All lines at and after the one containing "Soccer Football - Premier", up to the end of the listing below, are to be printed exactly, with the pictures omitted.

=== Information provided ===

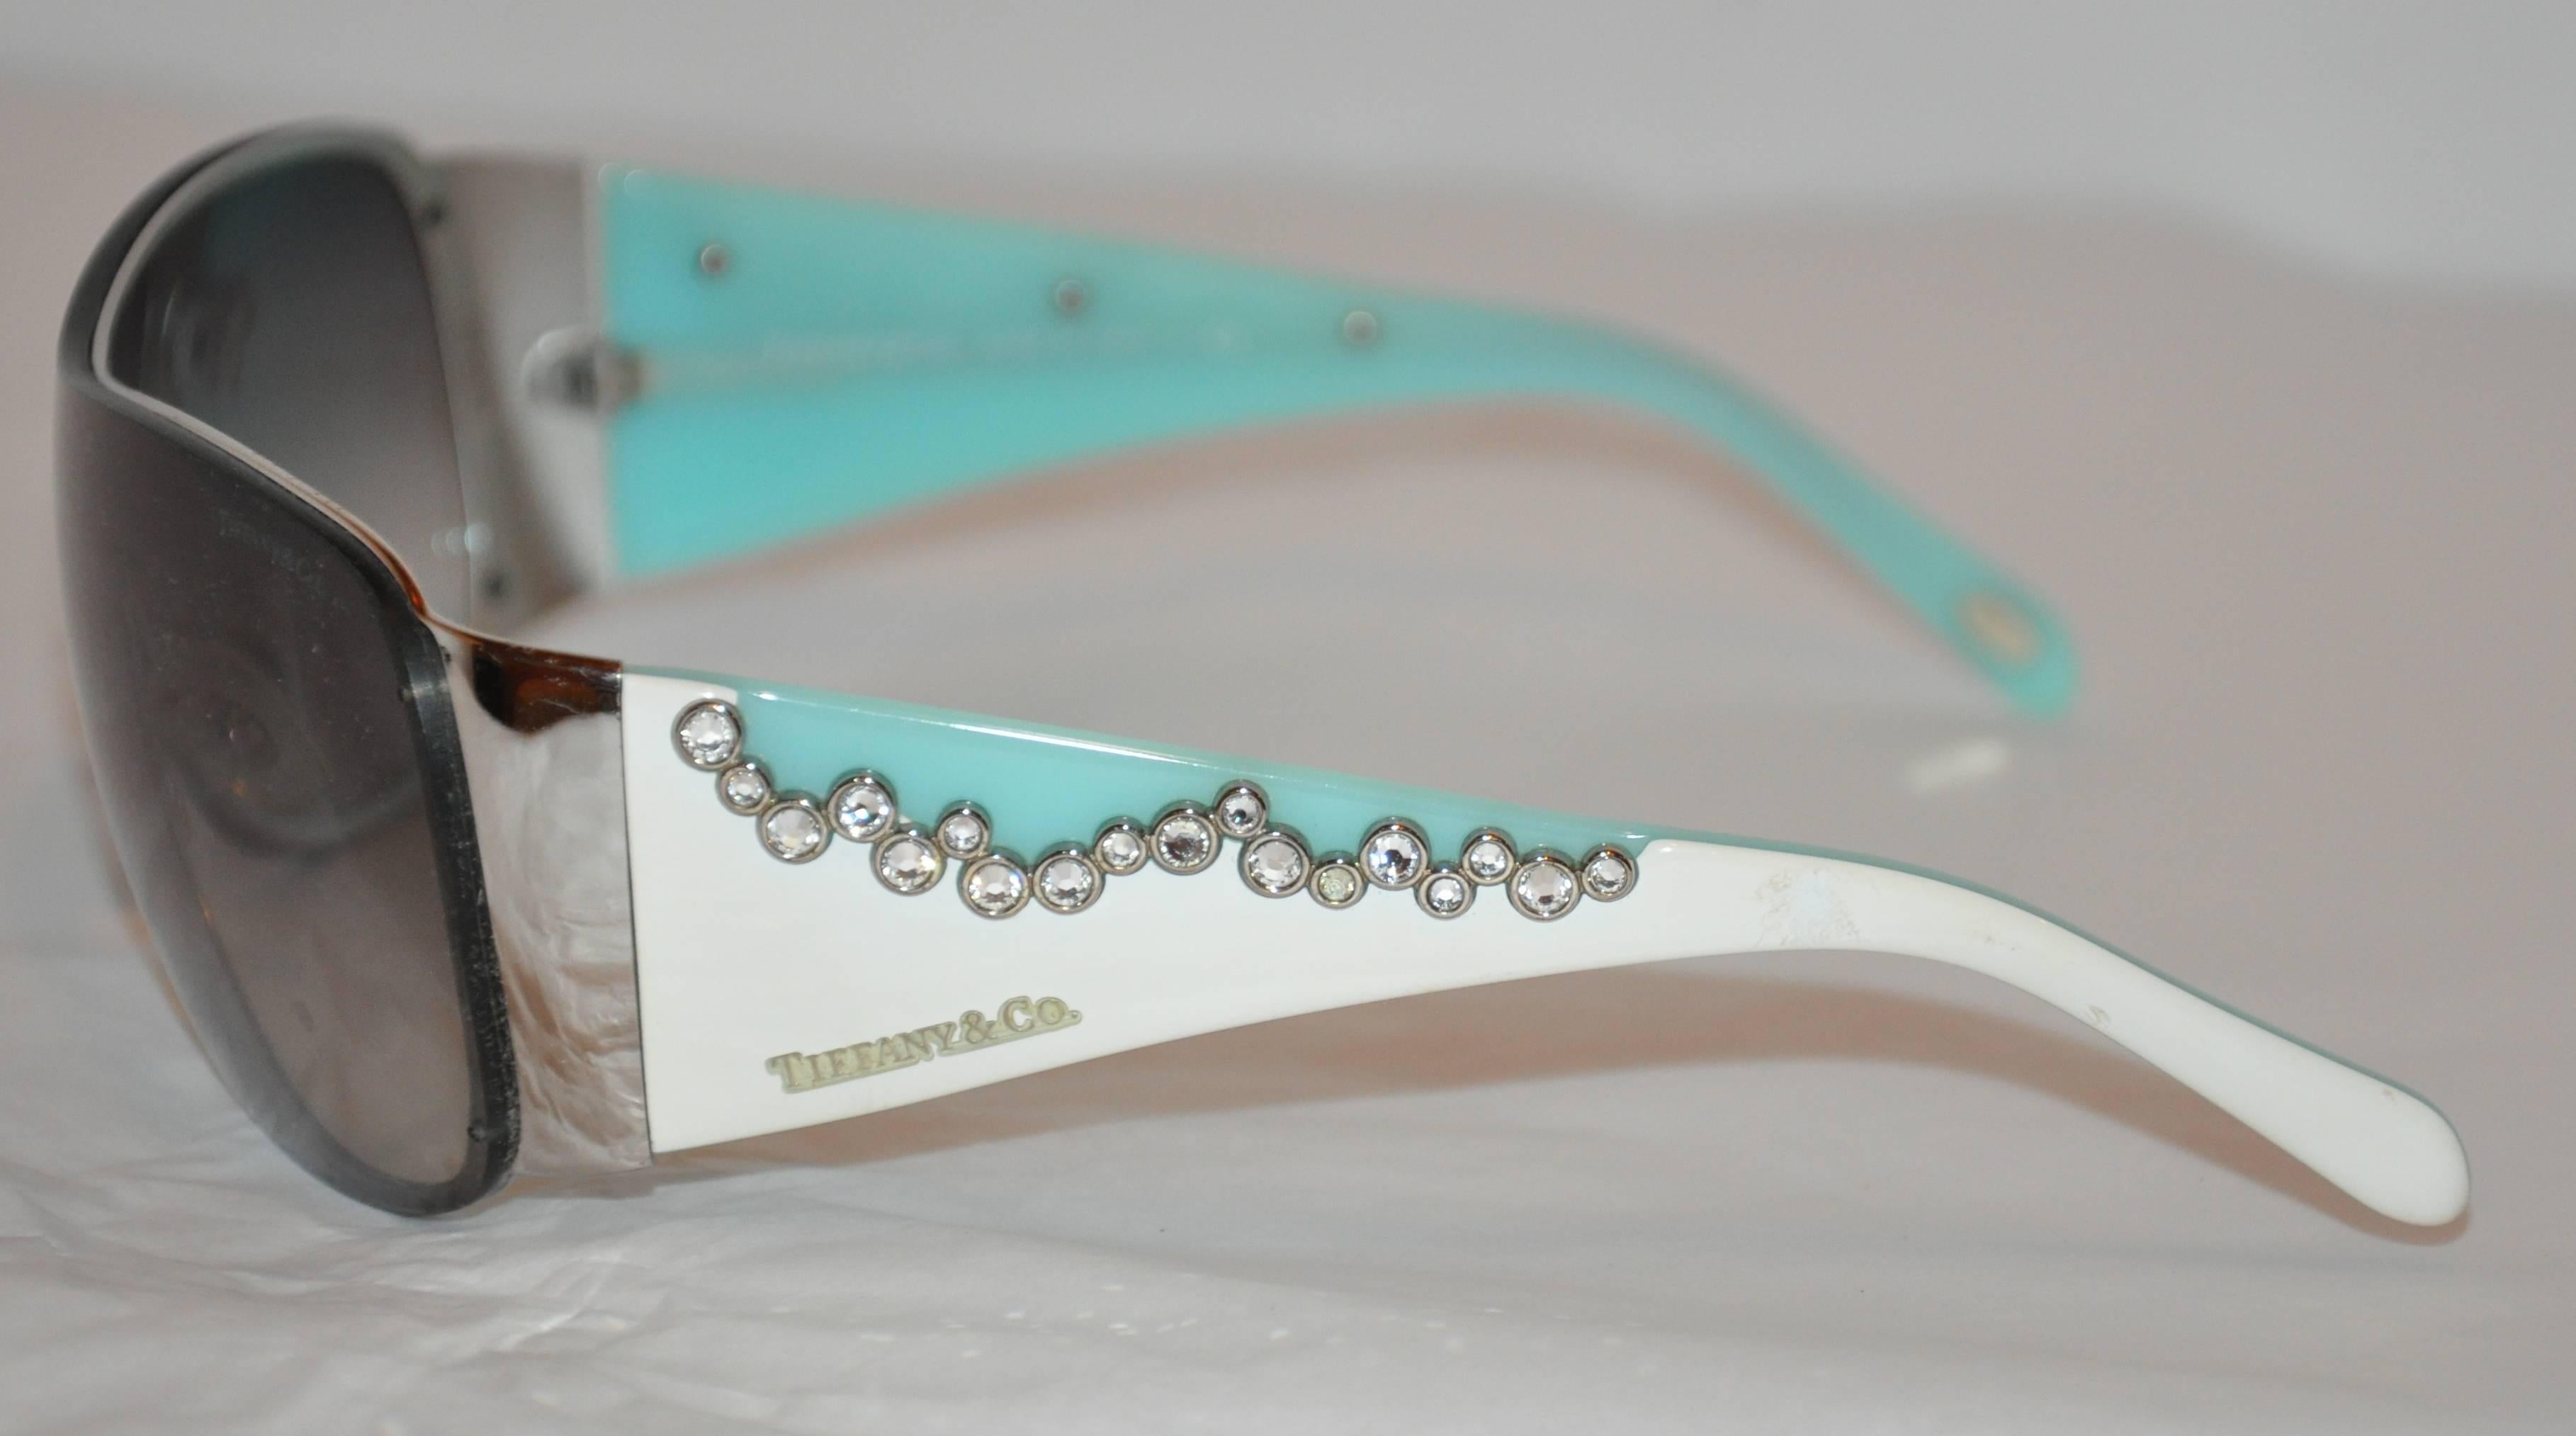           Tiffany & Co. thick lucite in their signature turquoise shade combined with white lucite and accented with detailed multi-rhinestones set in silver hardware settings on both arms of these wonderful sunglasses. The front measures 5 1/2
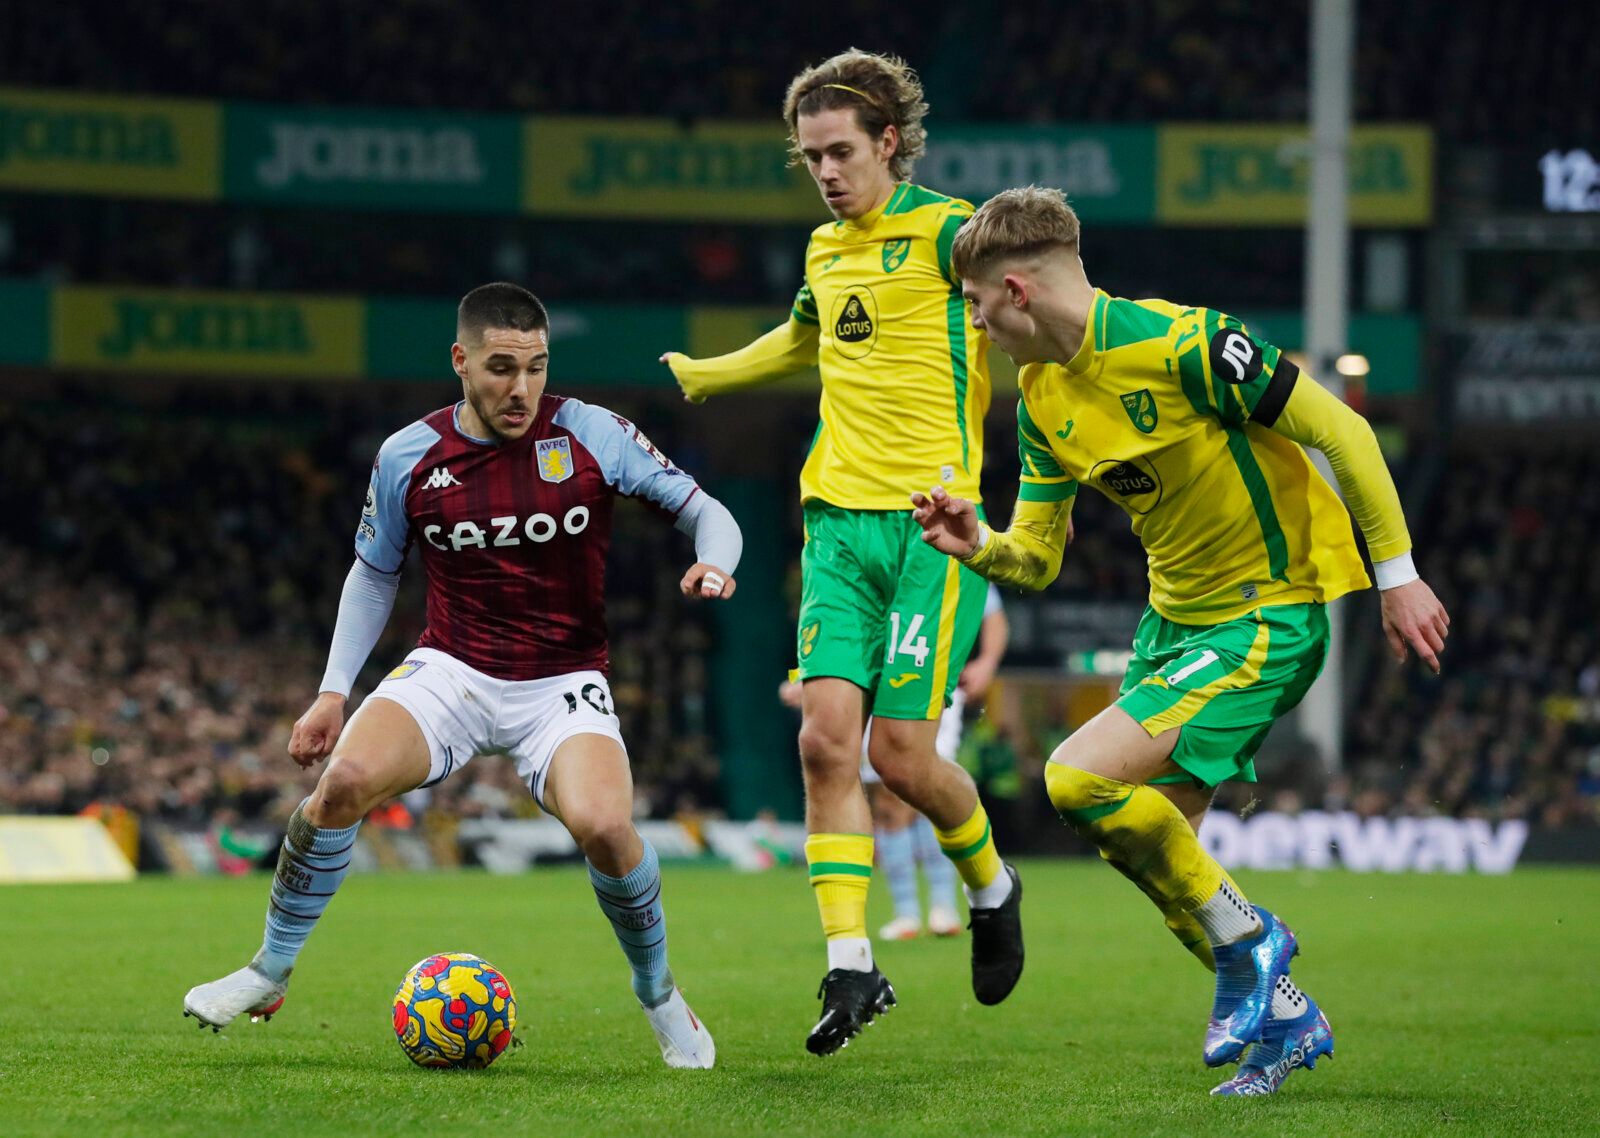 Soccer Football - Premier League - Norwich City v Aston Villa - Carrow Road, Norwich, Britain - December 14, 2021 Norwich City's Brandon Williams and Todd Cantwell in action with Aston Villa's Emiliano Buendia Action Images via Reuters/Andrew Couldridge EDITORIAL USE ONLY. No use with unauthorized audio, video, data, fixture lists, club/league logos or 'live' services. Online in-match use limited to 75 images, no video emulation. No use in betting, games or single club /league/player publication
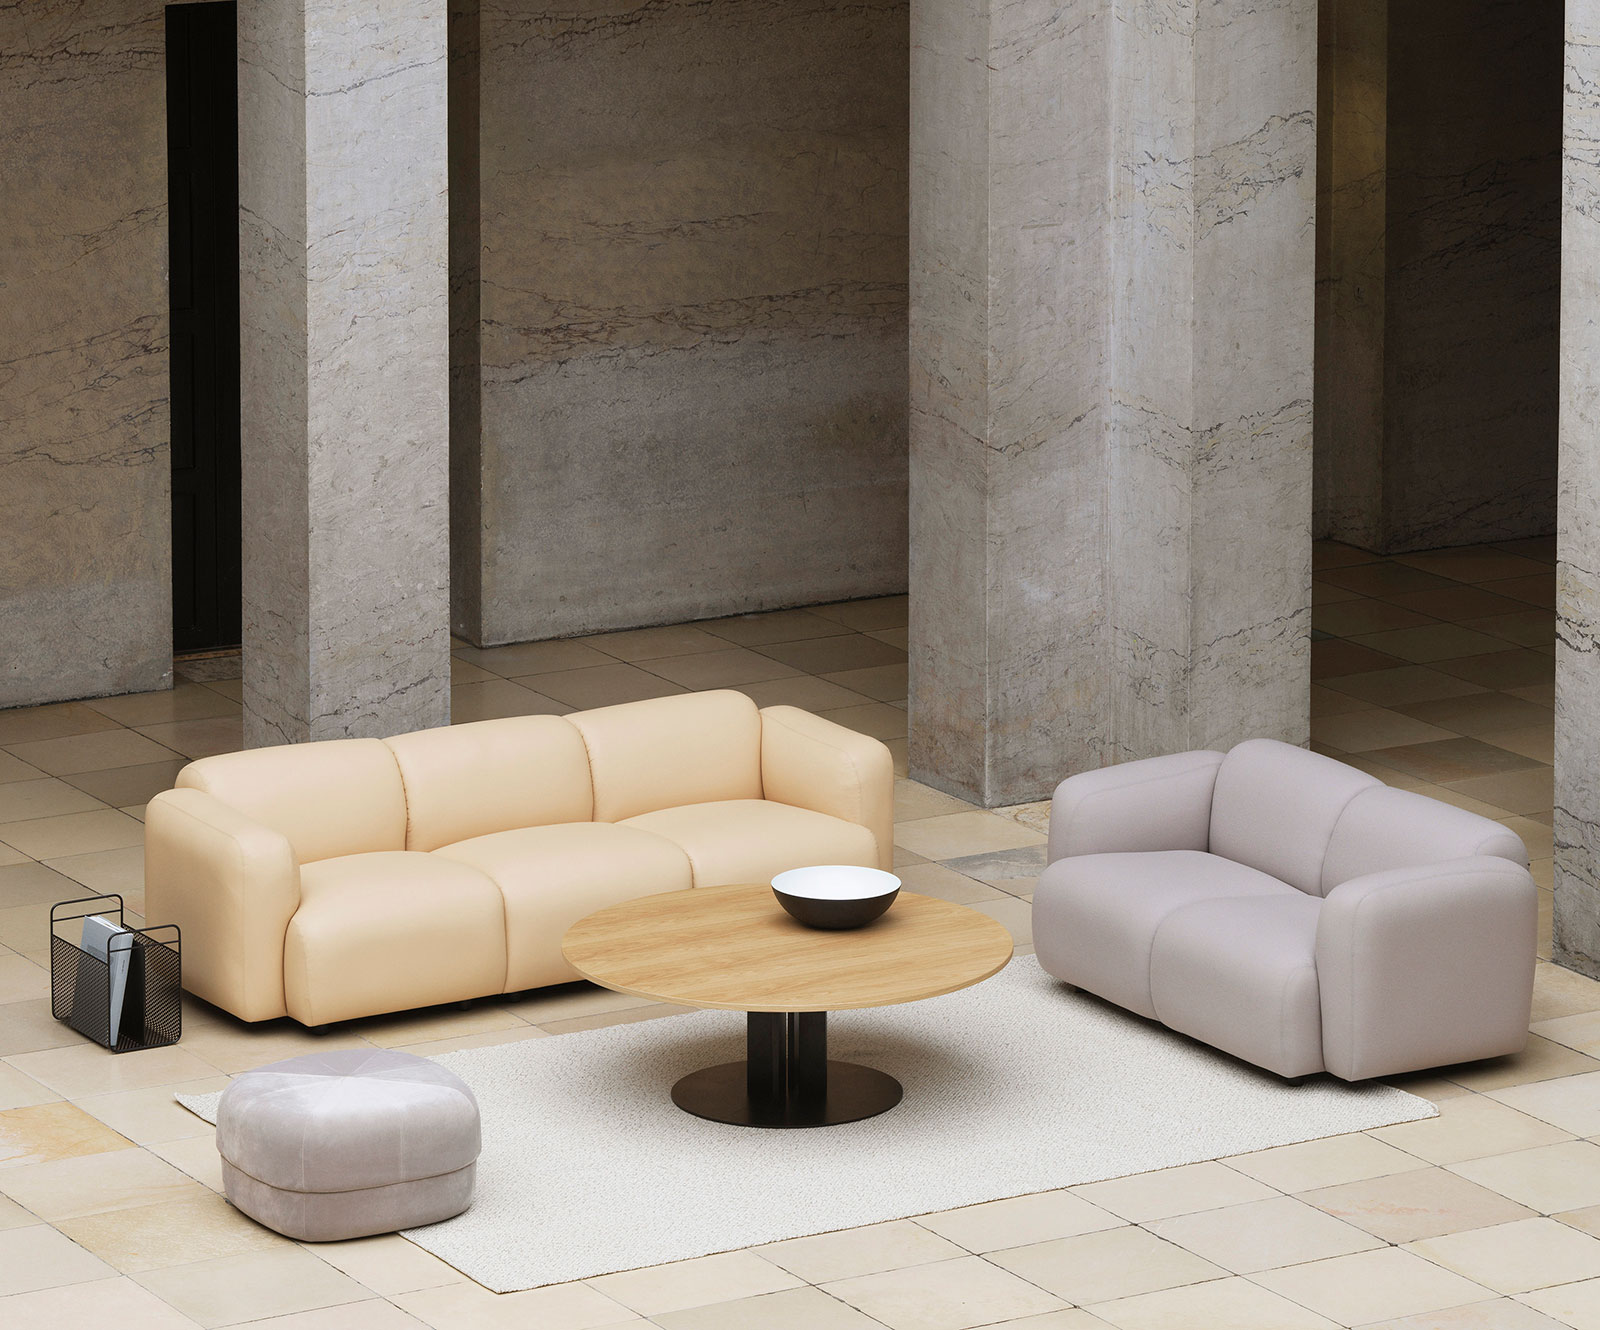 Swell sofas in a lounge setting

===

> _Result for this exercise_
 Soccer Football - Premier League - Norwich City v Aston Villa - Carrow Road, Norwich, Britain - December 14, 2021 Norwich City's Brandon Williams and Todd Cantwell in action with Aston Villa's Emiliano Buendia Action Images via Reuters/Andrew Couldridge EDITORIAL USE ONLY. No use with unauthorized audio, video, data, fixture lists, club/league logos or 'live' services. Online in-match use limited to 75 images, no video emulation. No use in betting, games or single club /league/player publication
 Swell sofas in a lounge setting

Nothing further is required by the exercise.